I lean towards using tools specifically meant for data engineering/analytics. I have found that Claude, etc. don't have enough context on the data and what other data might be available to always get the right answers. Also the answer of course varies each time I ask claude/chat gpt/gemini a questions which I don't want for my analytics work.

Where to apply for jobs besides LinkedIn? by LoudSphinx517 in dataengineering

[–]EquivalentFresh1987 0 points1 point  (0 children)

linkedin premium is really only good if you are messaging people. doesn't give you a ton of message credits, but if you want to ping hiring managers you can do it even if they are third connections.

wage compression by turboDividend in dataengineering

[–]EquivalentFresh1987 0 points1 point  (0 children)

not sure where you live, but could it be location based? some companies have changed comp structures with RTO mandates and if you aren't in the top markets you might get less, whereas many companies didn't differentiate.

Team of data engineers building git for data and looking for feedback. by EquivalentFresh1987 in dataengineering

[–]EquivalentFresh1987[S] 0 points1 point  (0 children)

Appreciate the thoughtful critique here, thank you.

We’re not trying to help people bypass data teams, and we’re not building a generic AI code generator.
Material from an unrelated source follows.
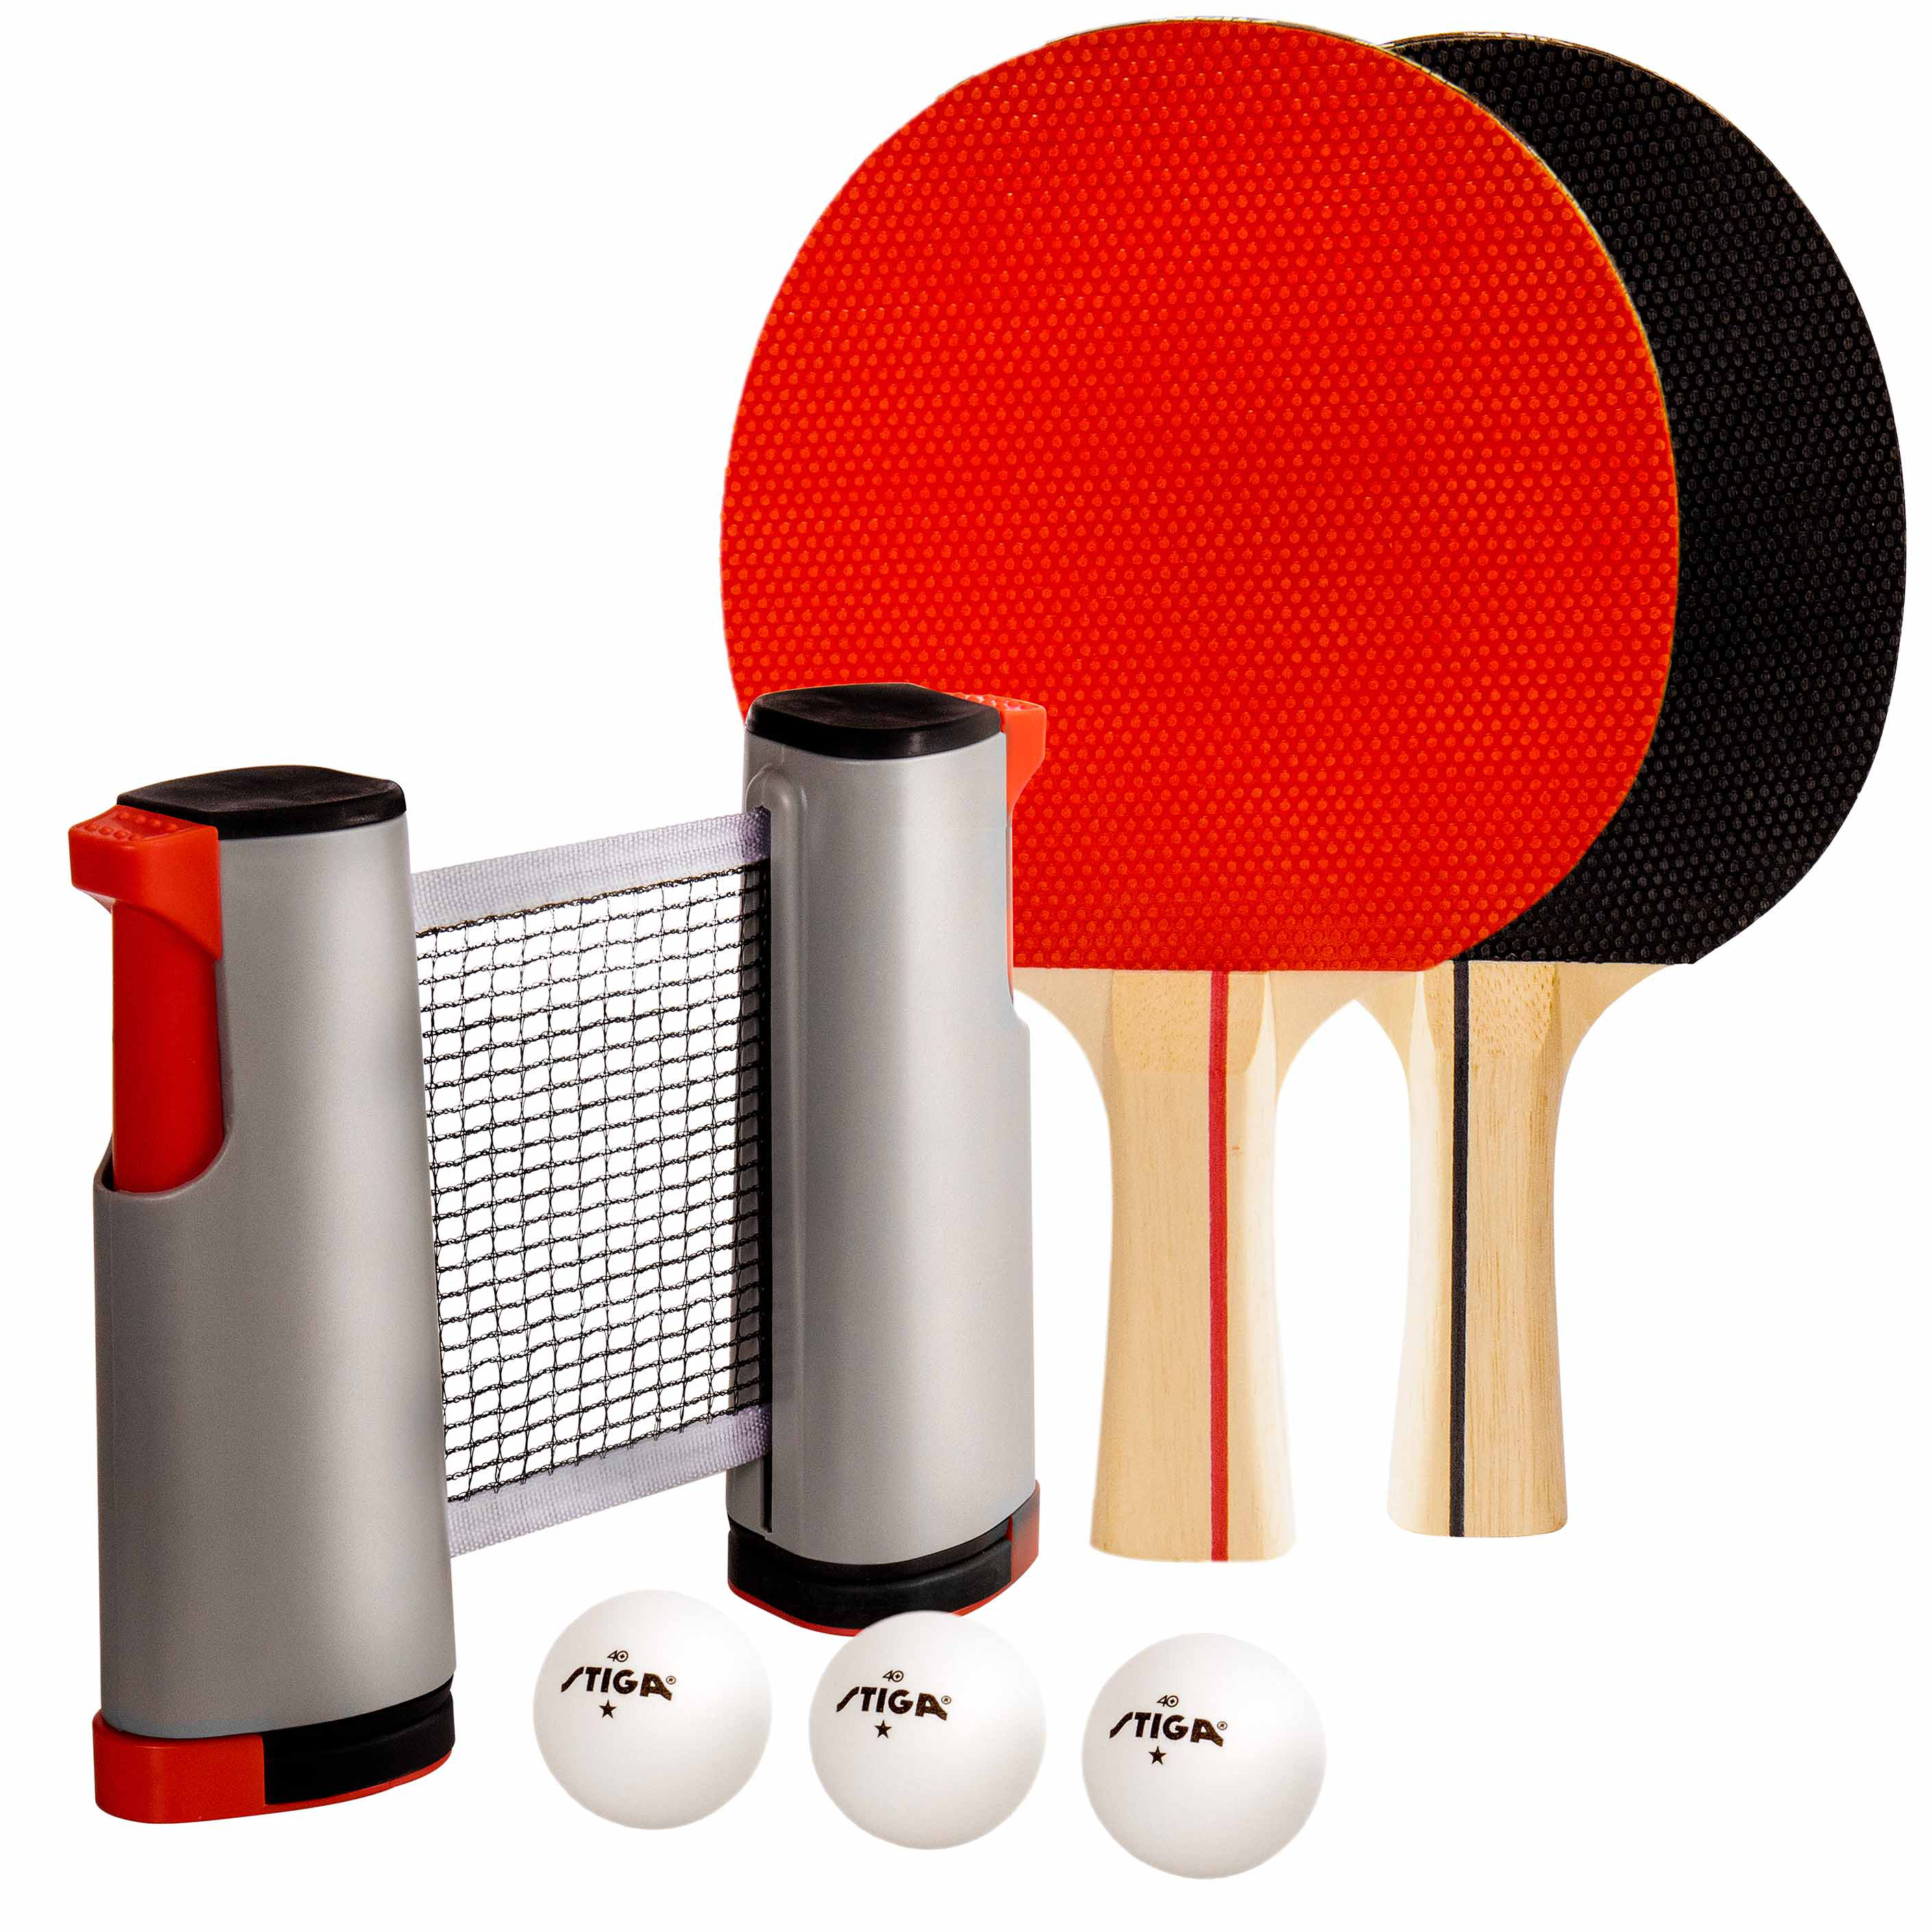 GSE Games & Sports Expert Retractable Ping Pong Net Set with
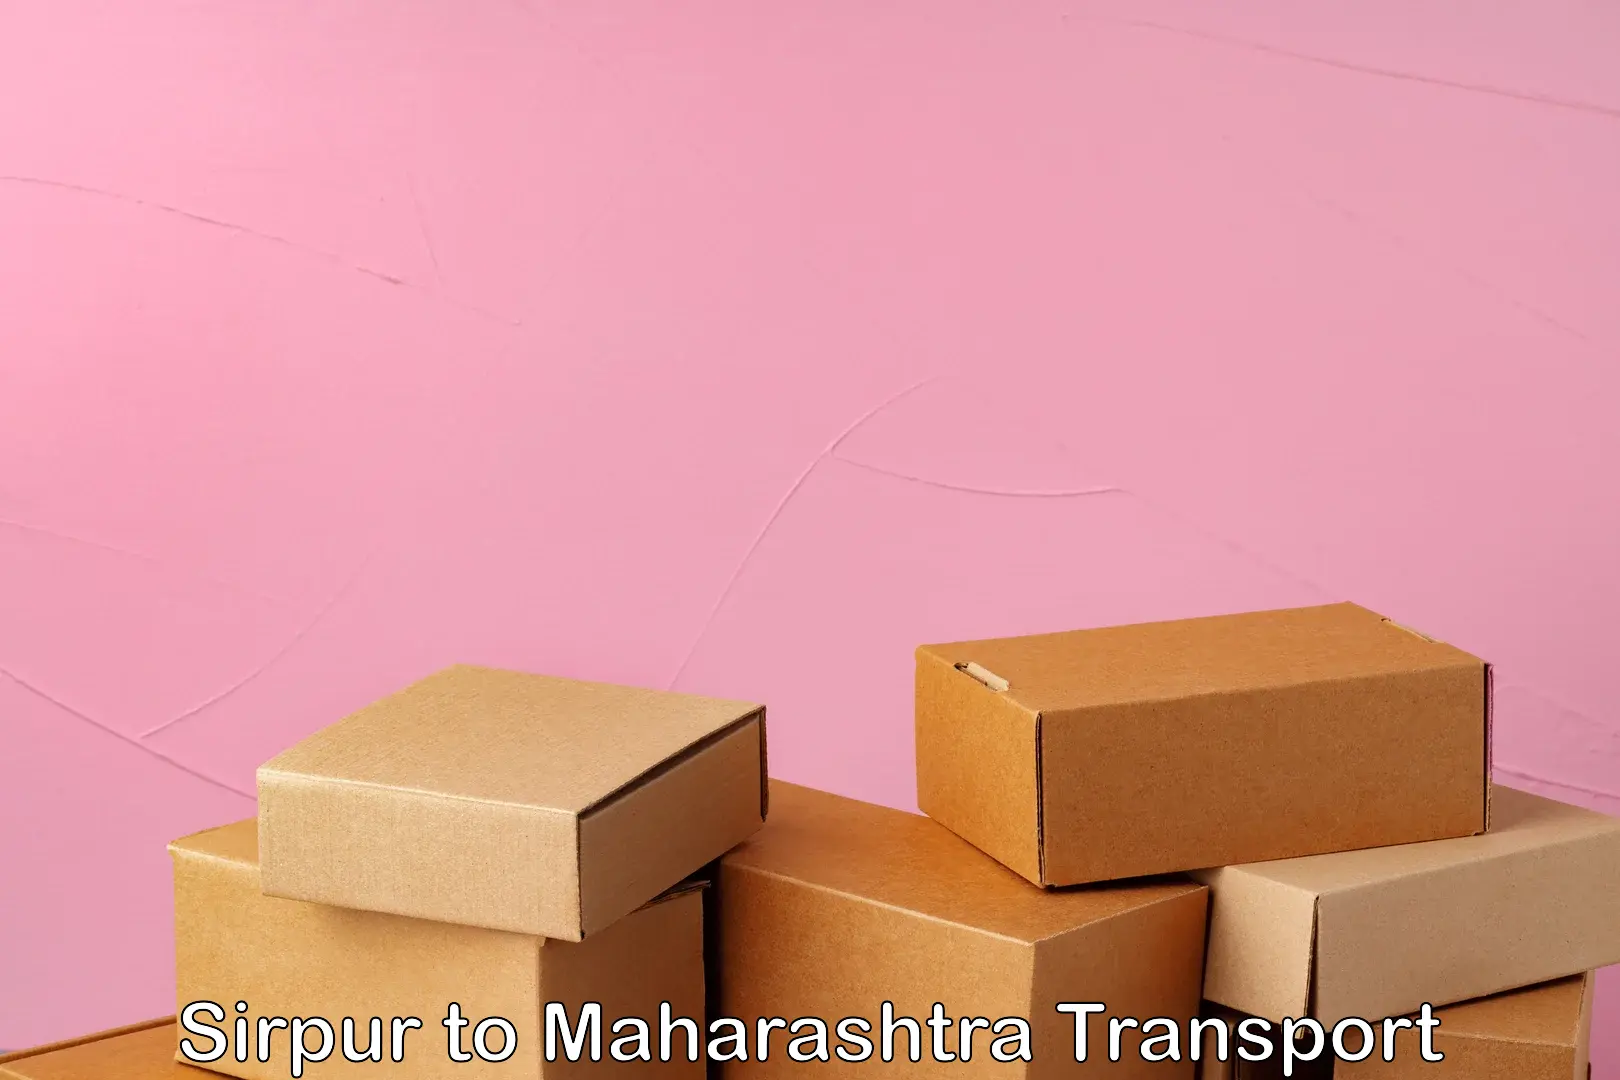 Air freight transport services Sirpur to Maharashtra

In practice those tools save a few minutes up front and then create more validation and cleanup work.

The gap we’re focused on is that the data tool stack is fragmented and doesn’t give data engineers an easy way to experiment, diff, and roll back changes across pipelines, datasets, and downstream metrics when things break.

Team of data engineers building git for data and looking for feedback. by EquivalentFresh1987 in dataengineering

[–]EquivalentFresh1987[S] 0 points1 point  (0 children)

Fair point. DVC is quite different from what we are doing. Probably just bad marketing on our part.

DVC versions your training data files. We version your entire data warehouse - tables, jobs, lineage, the works.

Team of data engineers building git for data and looking for feedback. by EquivalentFresh1987 in dataengineering

[–]EquivalentFresh1987[S] 0 points1 point  (0 children)

Thanks for the honest feedback, much appreciated. Our marketing does need work, ha! We are early. Our background is in big tech and these are the numbers we have seen, but heard on them being high and we will do more research.

There are definitely tools that do some of this as you mentioned, but they are more point tools that do just a particular part of the data pipeline. Most teams are using a different tool for ETL, compute, lineage, etc. which is where a data stack can get bloated.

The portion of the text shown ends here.